Oral Cephalosporin with Good CSF Penetration
There is no oral third-generation cephalosporin with clinically adequate CSF penetration for treating CNS infections. All third-generation cephalosporins recommended for bacterial meningitis require intravenous administration 1.
Why Oral Cephalosporins Are Not Suitable for CNS Infections
The third-generation cephalosporins with proven efficacy for meningitis (ceftriaxone, cefotaxime, ceftazidime) are not available in oral formulations and must be given intravenously to achieve therapeutic CSF concentrations 2, 3. The guidelines explicitly state that none of the third-generation compounds suitable for CNS infections can be administered orally 3.

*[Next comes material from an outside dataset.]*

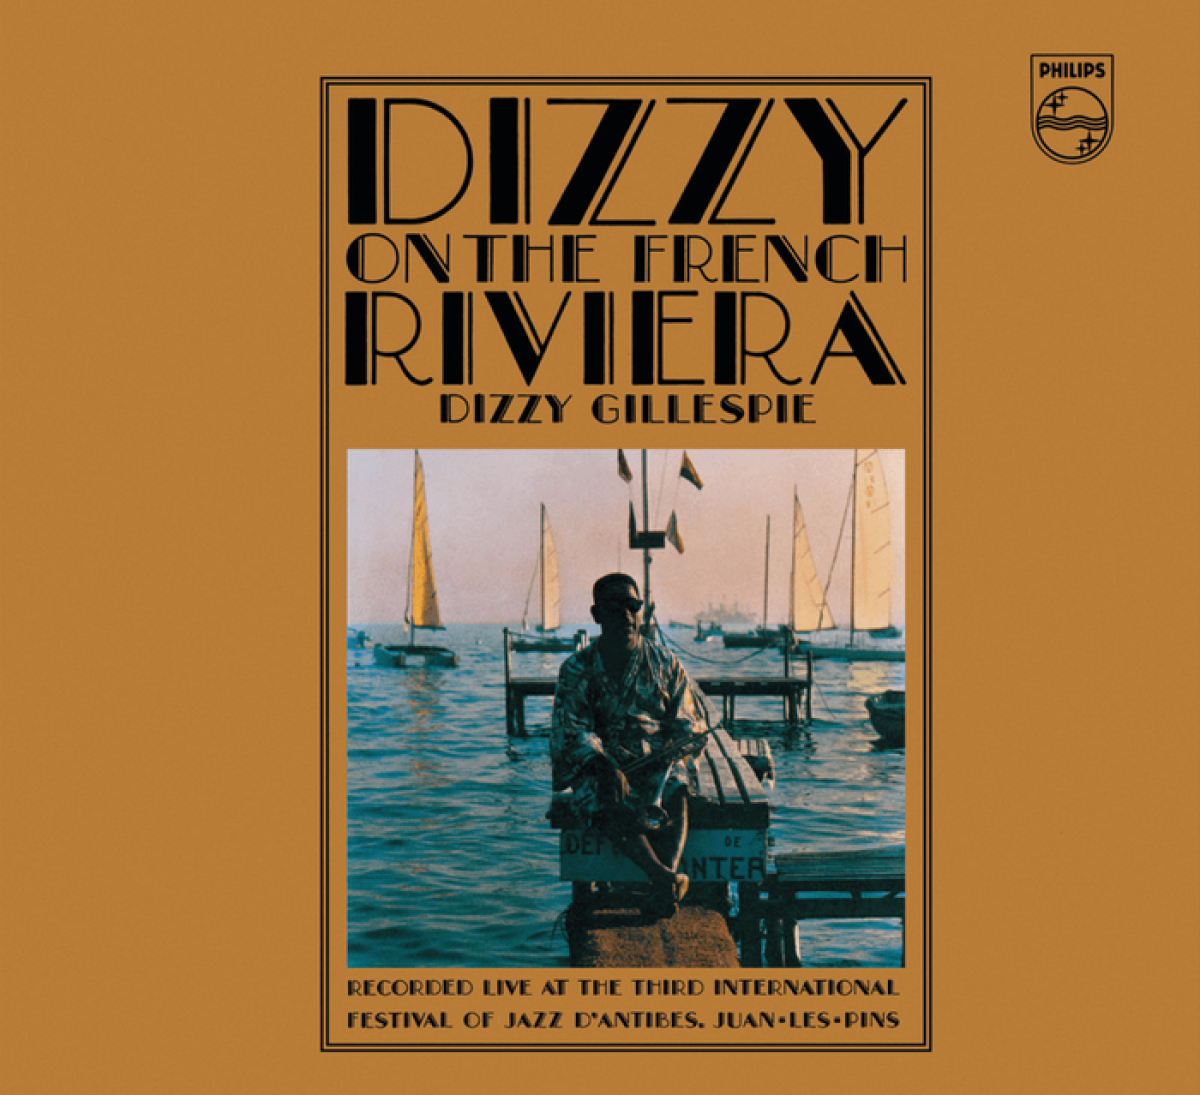 Dizzy on the french riviera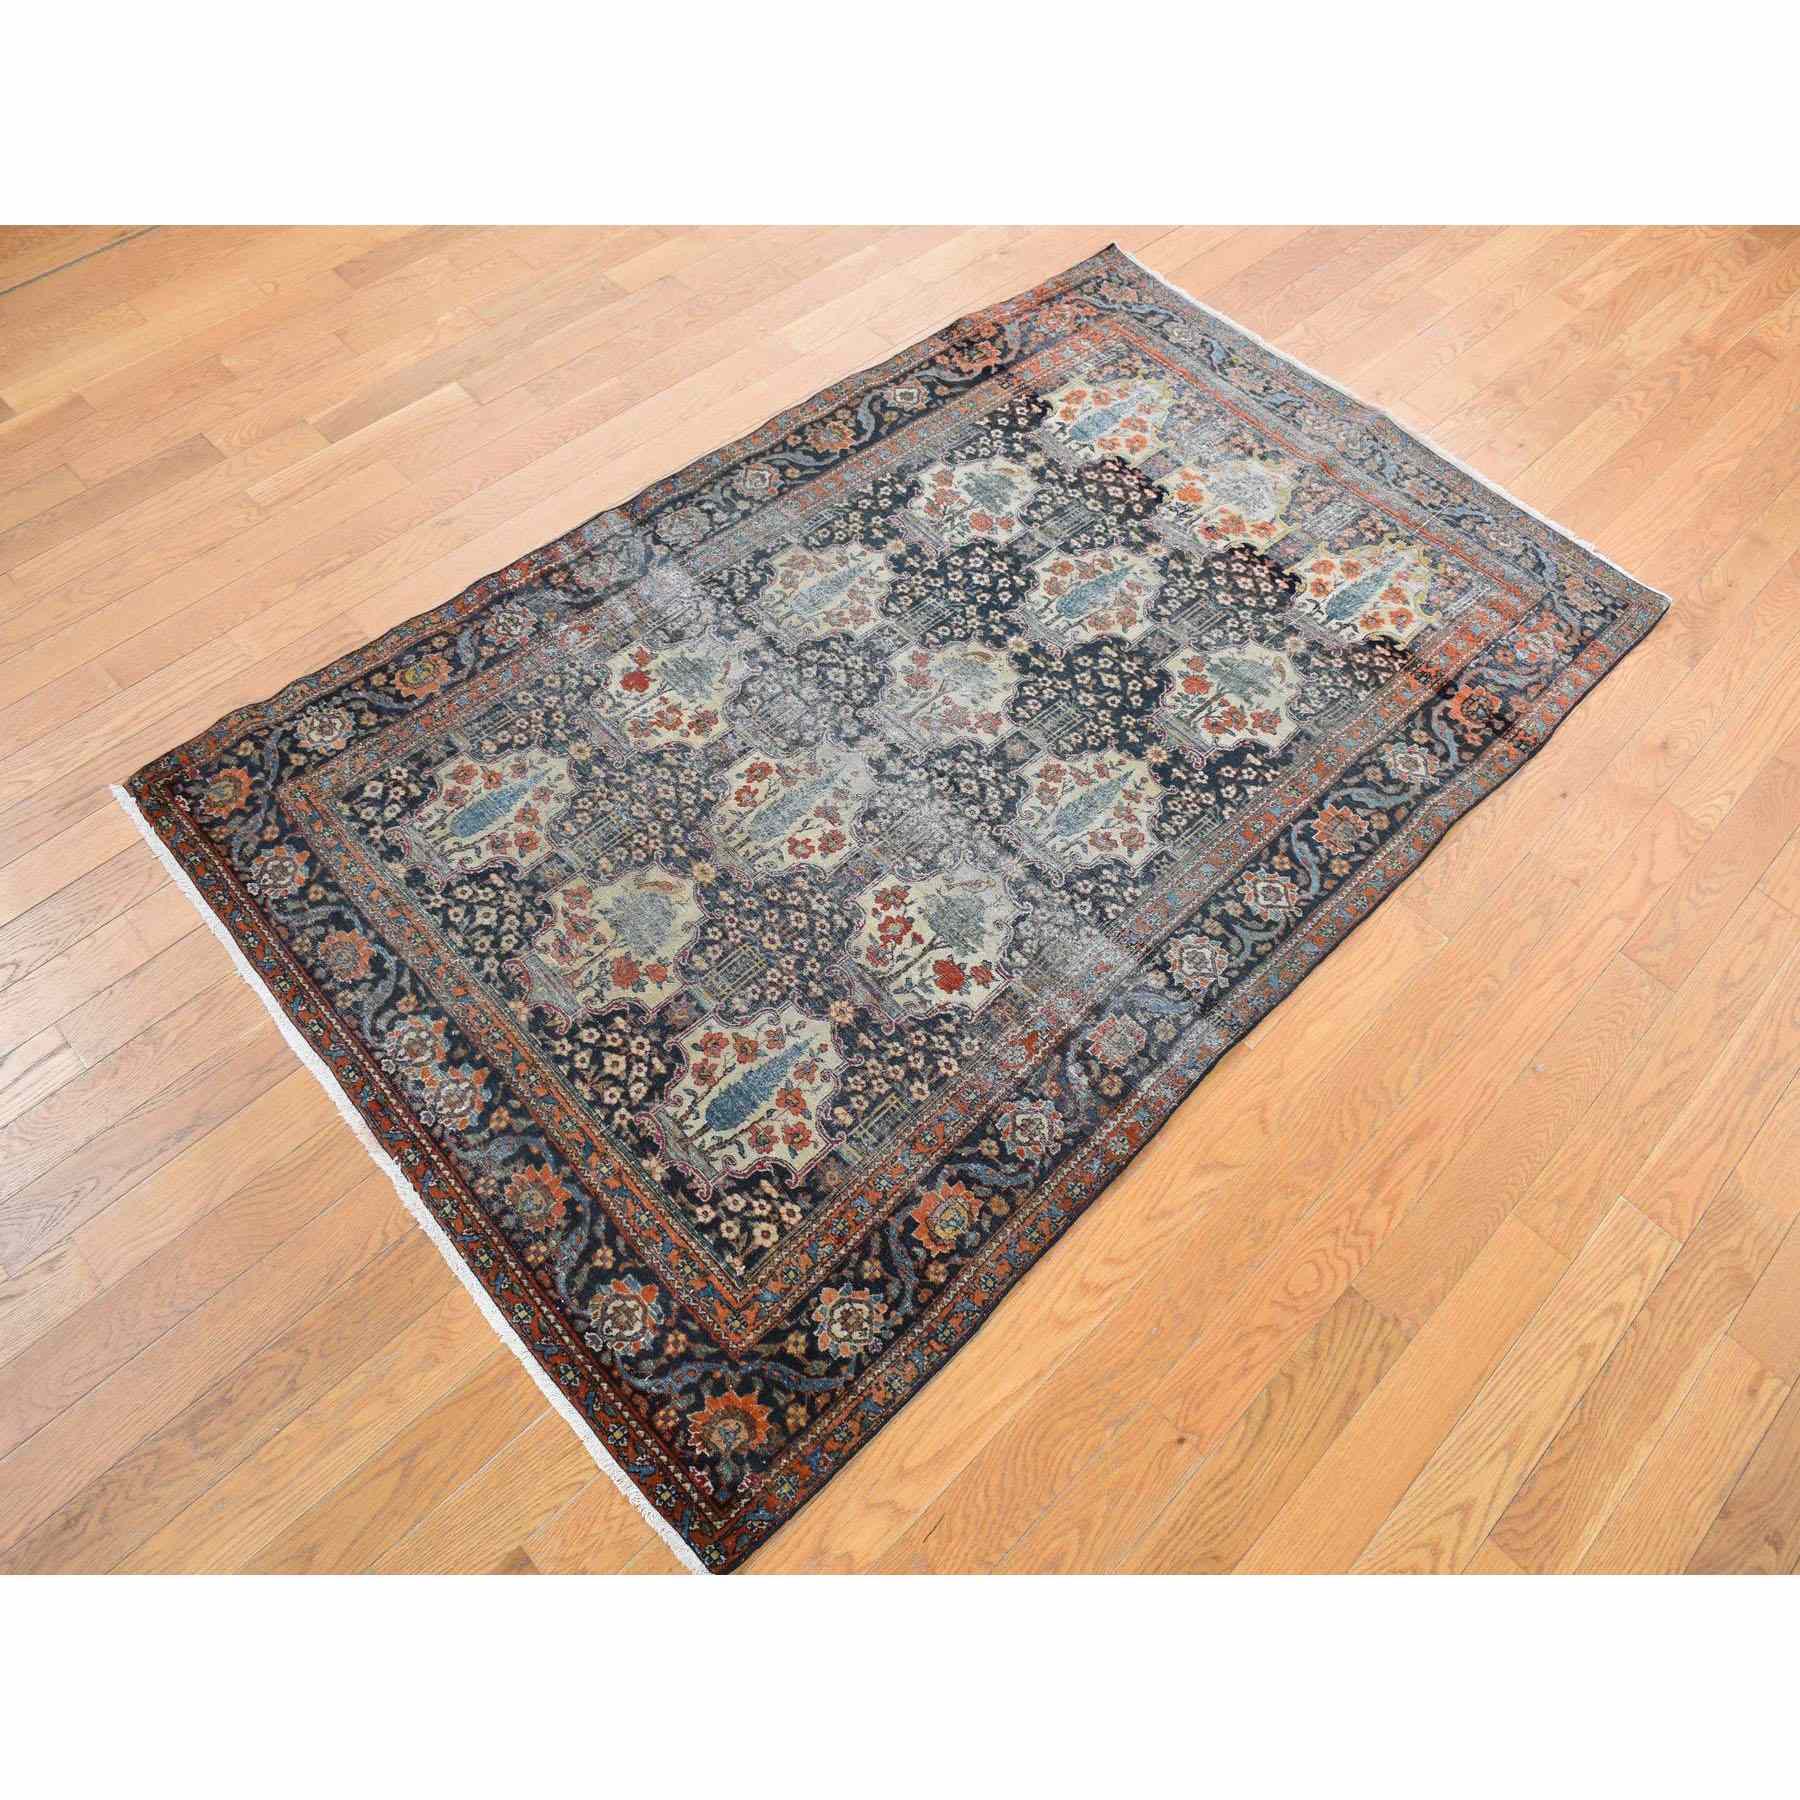 Antique-Hand-Knotted-Rug-390365

Limited Data on Oral Cephalosporin CSF Penetration
- Cefpodoxime proxetil, an oral third-generation cephalosporin, achieves only approximately 5% CSF penetration after oral administration 4
- While this minimal penetration may reach MIC90 for some susceptible pathogens, cefpodoxime is not indicated for bacterial meningitis treatment 4
- The low CSF concentrations are only clinically relevant in that they may obscure CSF culture results in patients developing meningitis while on oral antibiotics 4
Recommended Parenteral Third-Generation Cephalosporins
For actual treatment of CNS infections requiring cephalosporins, intravenous administration is mandatory:
- Ceftriaxone and cefotaxime are the most extensively studied and recommended agents for common meningeal pathogens (S. pneumoniae, H. influenzae, N. meningitidis) 1, 2
- These agents achieve CSF concentrations of 2.21-5.36 μg/mL with CSF/serum ratios of 3.73-31.80% during acute purulent meningitis 5
- Ceftazidime is preferred when Pseudomonas aeruginosa coverage is needed 2
Critical Clinical Pitfall
Do not attempt to treat bacterial meningitis or other serious CNS infections with oral cephalosporins. The CSF penetration is inadequate regardless of meningeal inflammation 4, 3. Intravenous third-generation cephalosporins remain the standard of care for cephalosporin-responsive CNS infections 1.